Extended Data Fig. 7. T_reg cell-specific Notch4 deletion rescues chronic allergic airway inflammation.

a, Scheme for the chronic airway inflammation mouse protocol b, Representative Sirius-Red-stained sections of lung tissues isolated from Foxp3^YFPCre or Foxp3^YFPCreNotch4^Δ/Δ mice segregated into PBS, OVA or OVA+UFP-treated groups (200X magnification). c, Collagen disposition measurement in the respective lung tissues. d, AHR in the respective mouse groups in response to methacholine. e,f, absolute numbers of lung CD4⁺ T cells and eosinophils. g,h, IL-4, IL-13, and IL-17 expression in lung Foxp3⁺CD4⁺ T_reg (g) and Foxp3^–CD4⁺T_eff cells (h). i, Serum OVA-specific IgE titers in the respective groups. Each symbol represents an independent sample. Error bars indicate SEM. Statistical tests: two-way ANOVA with Sidak’s post hoc analysis (c-h). *P<0.05, ****P<0.0001. Data representative of two or three independent experiments. n=5 mice per group.

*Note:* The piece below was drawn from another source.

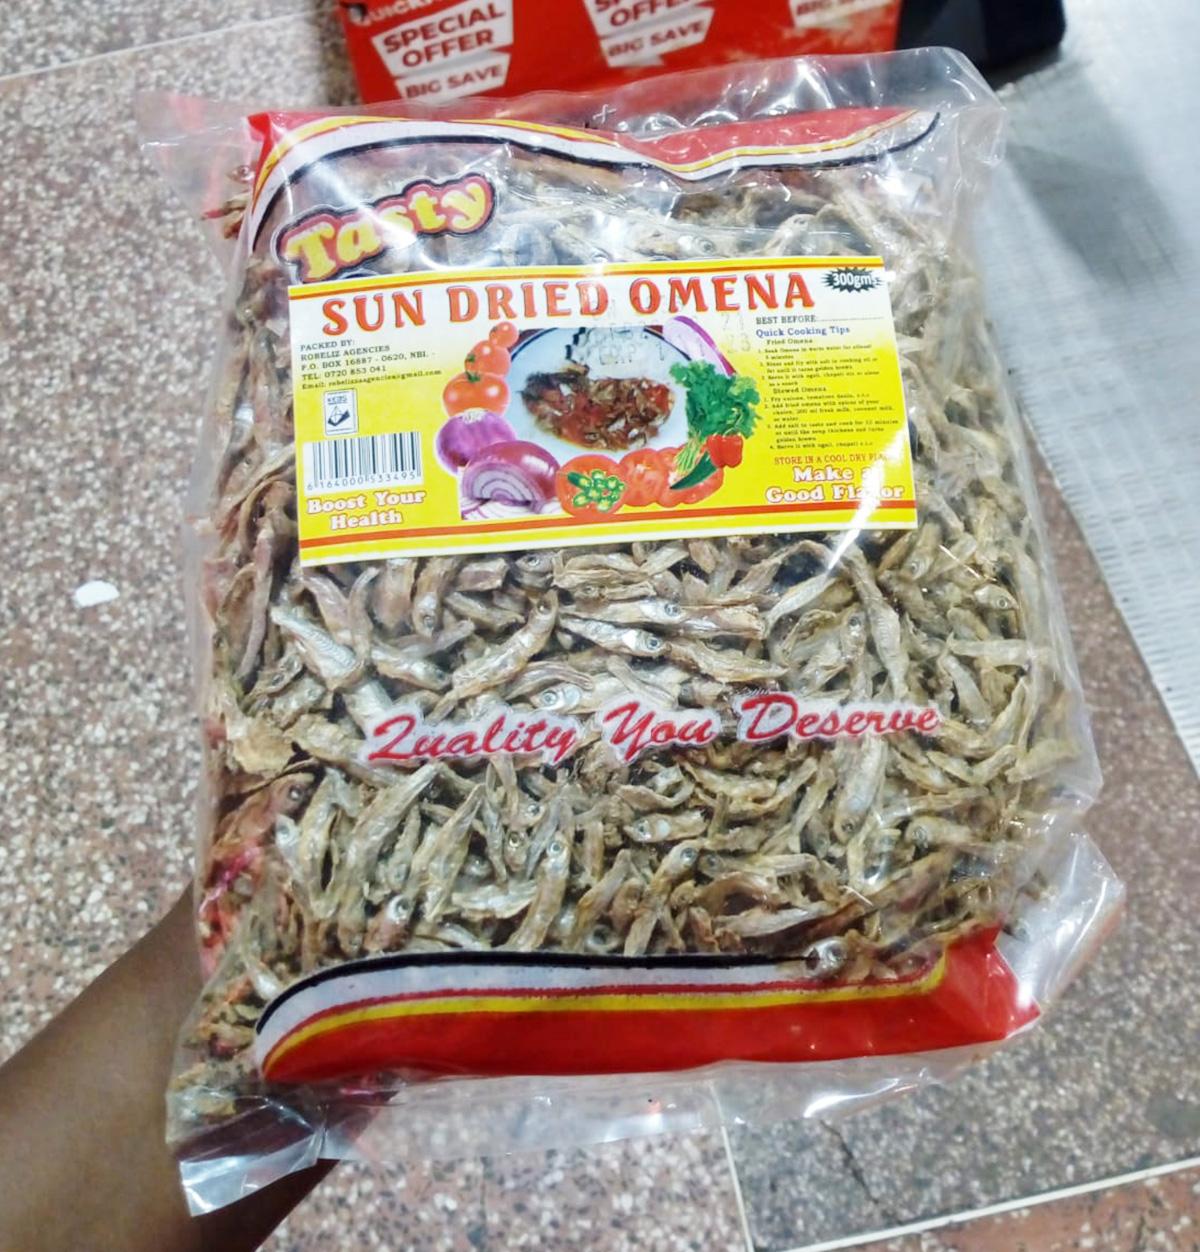 【調理写真つき】ケニア版ちりめんじゃこのケニア風レシピ「オメナと野菜の炒め物」の作り方 / カンバ通信:第107回

Extended Data Fig. 8. Notch receptor expression in human T_reg and T_eff cells.

a,b, Flow cytometric analysis, cell frequencies and mean fluorescence intensity (MFI) of Notch1, 2 and 3 expression in peripheral blood T_reg cells (a) and T_eff cells (b) of control and asthmatic subjects, the latter segregated for asthma severity (control n=22, M.P n= 15, Mod n= 16. S.P n=11). c, Flow cytometric analysis and cell frequencies of Notch4 peripheral blood T_reg cells of healthy control, food allergy (FA), eczema and FA+eczema (Control n=37, FA n= 28, Eczema n=10 and FA+Eczema n=20) d, Serum GDF15 concentrations in asthmatic subjects plotted as a function of Notch4 expression on circulating T_reg cells (n=73) e, Cell frequencies of Notch4 expression in peripheral blood T_reg cells in healthy subjects, allergic and non-allergic asthmatics (control = 56, non-allergic n=21, allergic n=85). Error bars indicate SEM. Statistical tests: One-way ANOVA with Dunnett’s post hoc analysis. (a-c,e); simple regression analysis (d). ***P<0.001, ****P<0.0001. Data representative of two or three independent experiments.